I haven’t read the book, so I’m in no position to question the accuracy of what Hopper calls Bolick’s “anachronistic absolutes.” The reality is complicated, as spinsters in literature, TV, and film have demonstrated. I was happy Hopper spent time on The Bostonians, Henry James’ trenchant, remarkable novel about the crosscurrents of radicalism, repressed lesbianism, and making a living. No one emerges unscathed; it’s possible that’s why the book has never been among James’ most popular. I appreciated her mentioning My Best Friend’s Wedding; it reminded me of Robin Wood’s affection for this 1997 Julia Roberts mega hit, particularly its ending, which to Wood “fulfills the traditional Hollywood obligation to progress toward the ‘construction of the couple,’ but it is no longer the ‘construction of the heterosexual couple.'” The work of Ellen Willis, still too little cited, also posits spaces in which friendships provide the companionship of couples without the angst (she didn’t say no angst). The point, as Hopper writes, is how Bolick’s definition of spinsterhood incarnates “an arbitrary conflation of marriage with the commitments and responsibilities of adult life sometimes turns unmarried people into second-class citizens, and devalues many necessary forms of love.”
As a gay man living in a post-Obergefell world I’ve gotten more than a few well-meant inquiries into the state of my own affairs. The easy answer: “I haven’t found a man.” The real answer: “I’m not looking very hard.” Sex still interests me as an end, as much as books and writing and music and film and conversations over dinner and wine. Allowing homosexuals to enter into marriage contracts does create dangers. Disappointed and often demoralized — in the literal sense of the world, as in stripped of our morals — by a straight world, we rush to join the institution whose tenets persuaded parents, teachers, and siblings to hate us. As an older gay man I can, to quote Wood again, “view from the outside the social conventions and behavior patterns” from which heterosexuals have never quite emancipated themselves.” This is why the parents, teachers, and siblings who love us also find solace in our company. It’s not “What do you know?”; it’s “What have you seen?”
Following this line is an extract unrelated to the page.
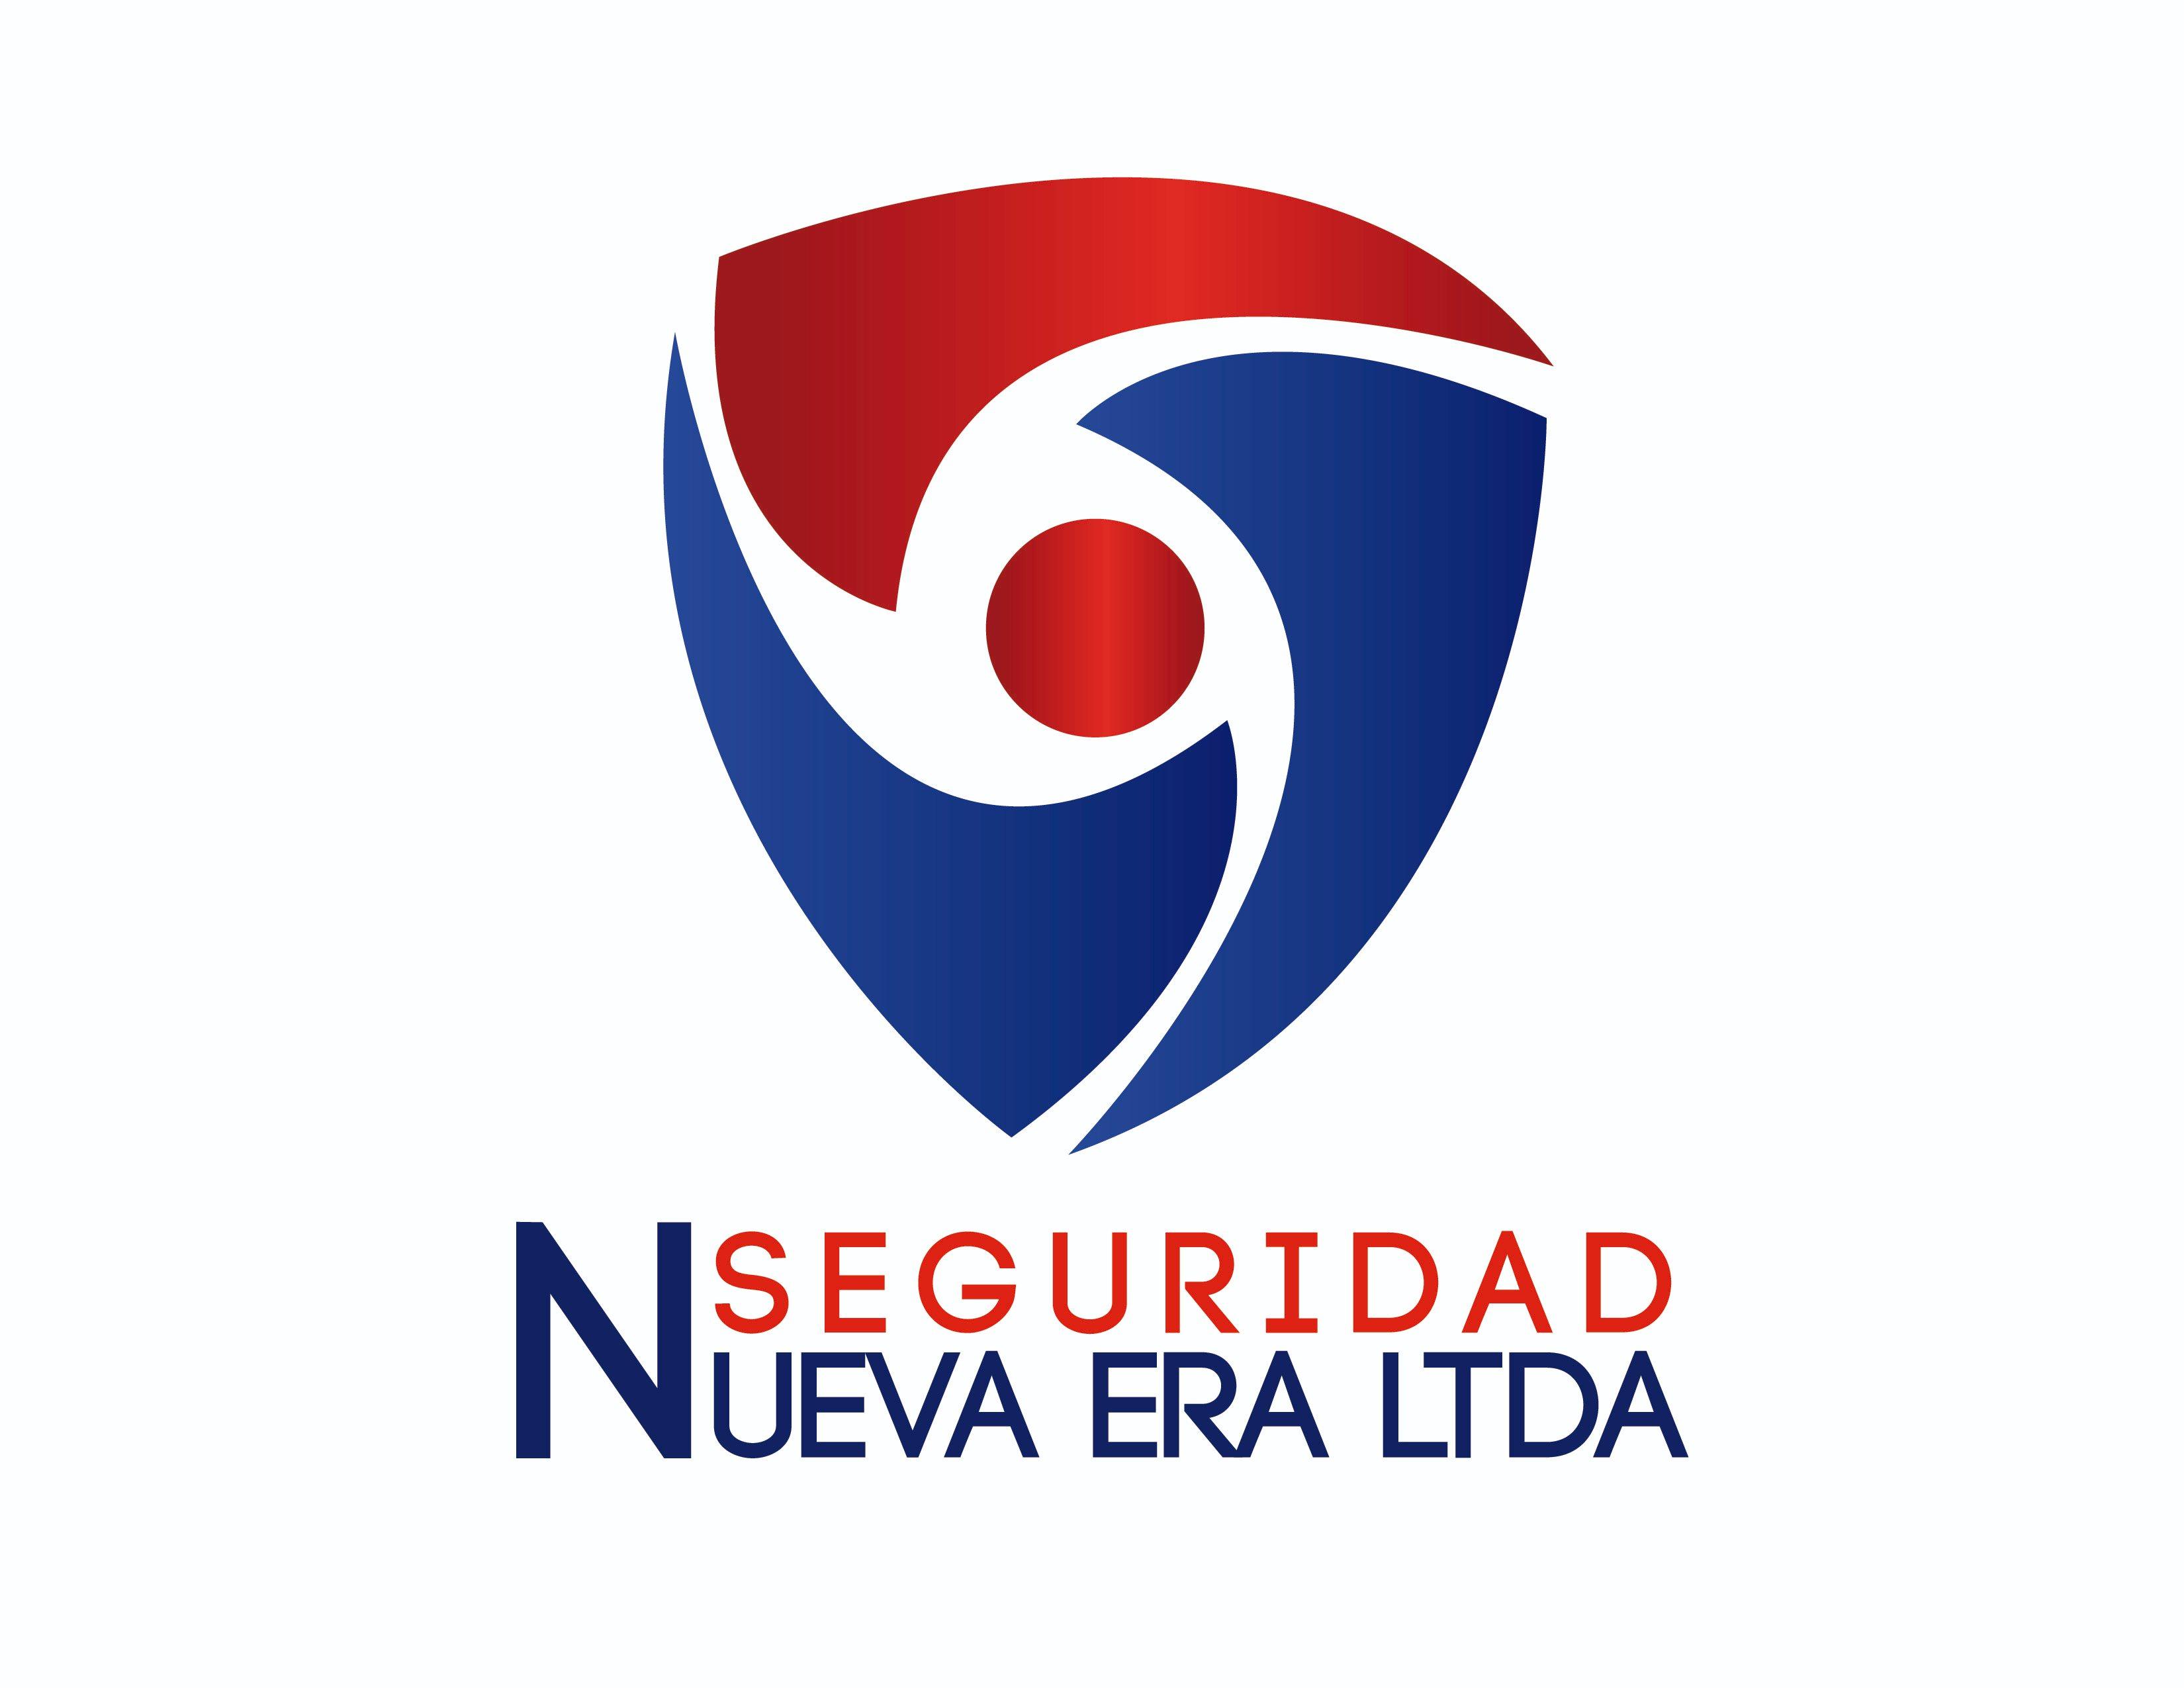 Seguridad Nueva Era Ltda.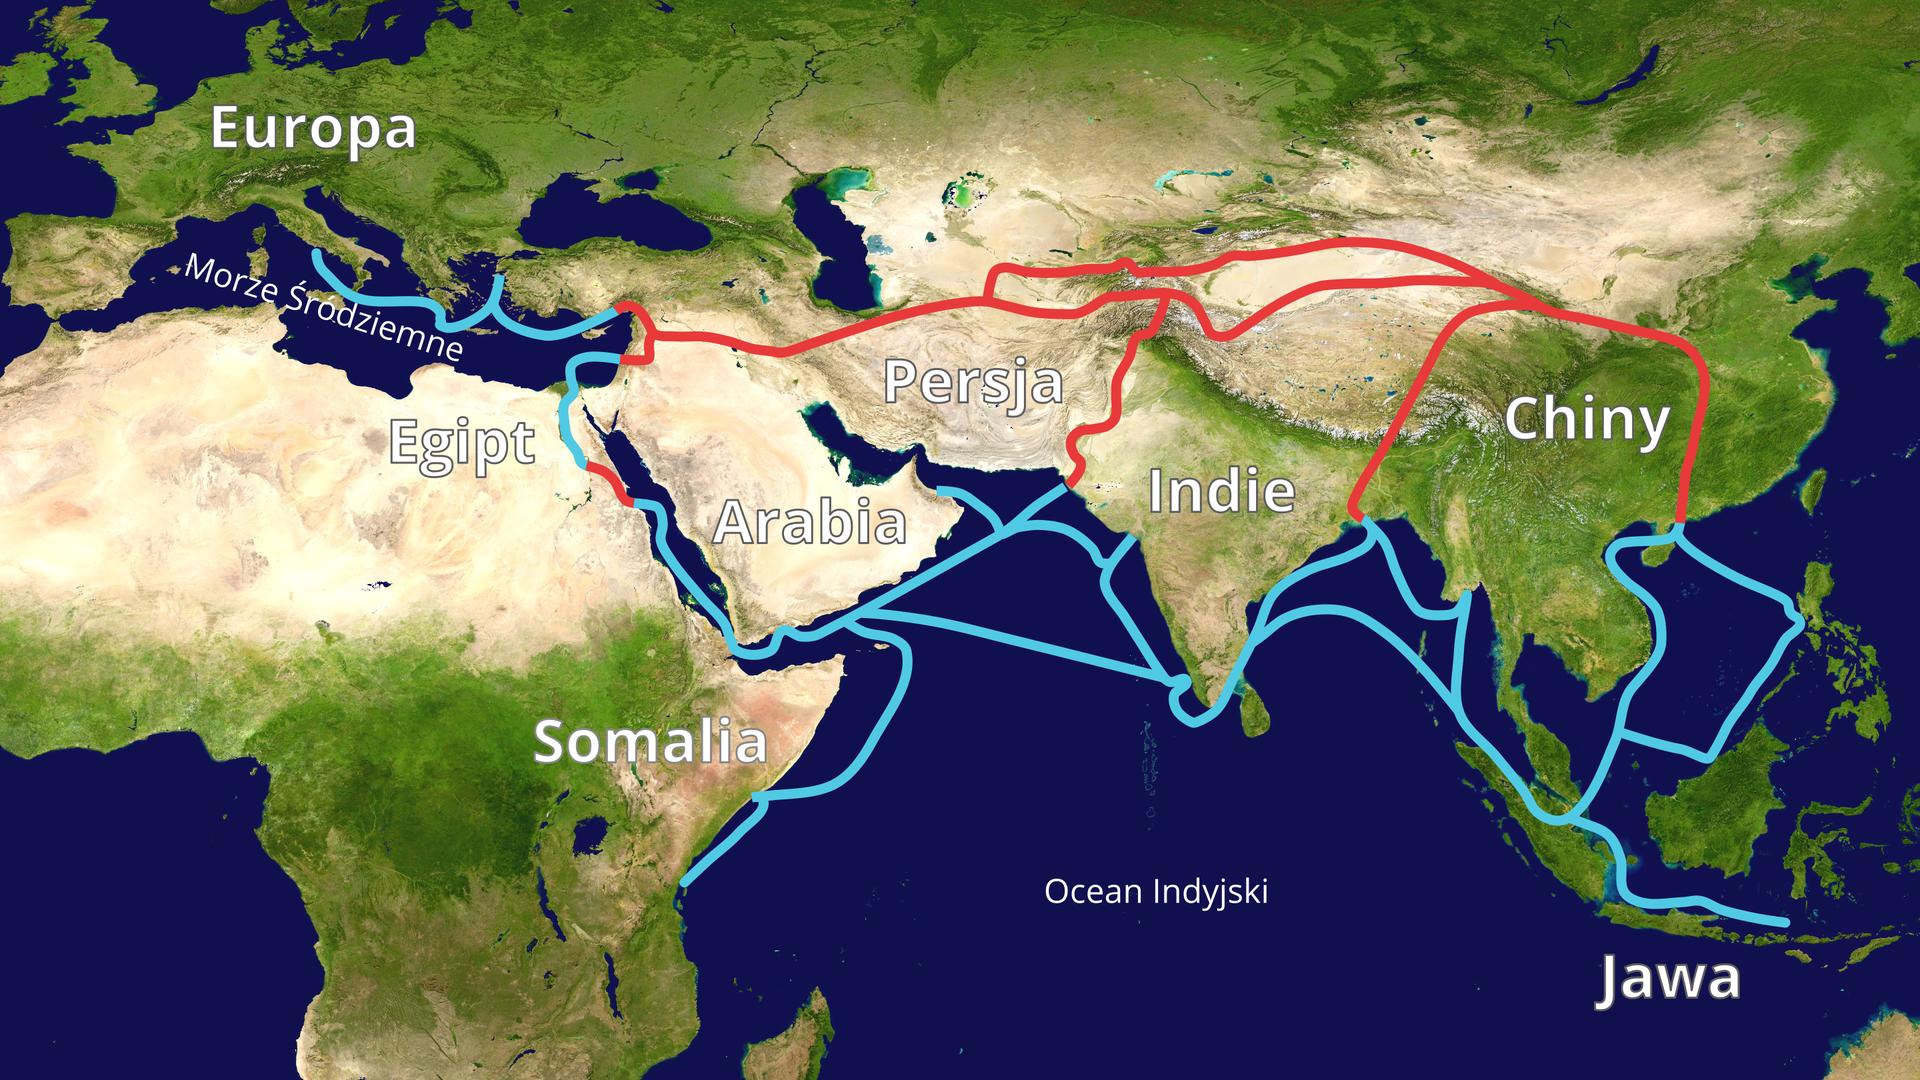 Ilustracja przedstawia mapę południowej części Europy iAzji oraz północną część Afryki. Morza ioceany przedstawione kolorem granatowym, alądy od intensywnie zielonego po jasnożółty wzależności, czy na danych terenach występuje roślinność (zielony), czy są to tereny pustynne (żółty). Na mapie opisane są Europa, Egipt, Somalia, Arabia, Persja, Indie, Chiny, Jawa, Morze Śródziemne iOcean Indyjski. Wyrysowane są szlaki prowadzące zWłoch do krajów opisanych na mapie. Szlaki wodne mają kolor niebieski, aszlaki lądowe kolor czerwony.

P.S.: While thinking about which songs celebrate friendship I’d no trouble finding songs about women reveling in bachelorhood but not many by men (there is, of course, a rich tradition of songs by men for men: from the Beatles’ “Two of Us” and Bruce Springsteen’s “Bobby Jean” to Young Thug and T.I.’s “About the Money”). All I could think of was Morrissey’s typically bombastic “Will Never Marry.” Suggestions welcome.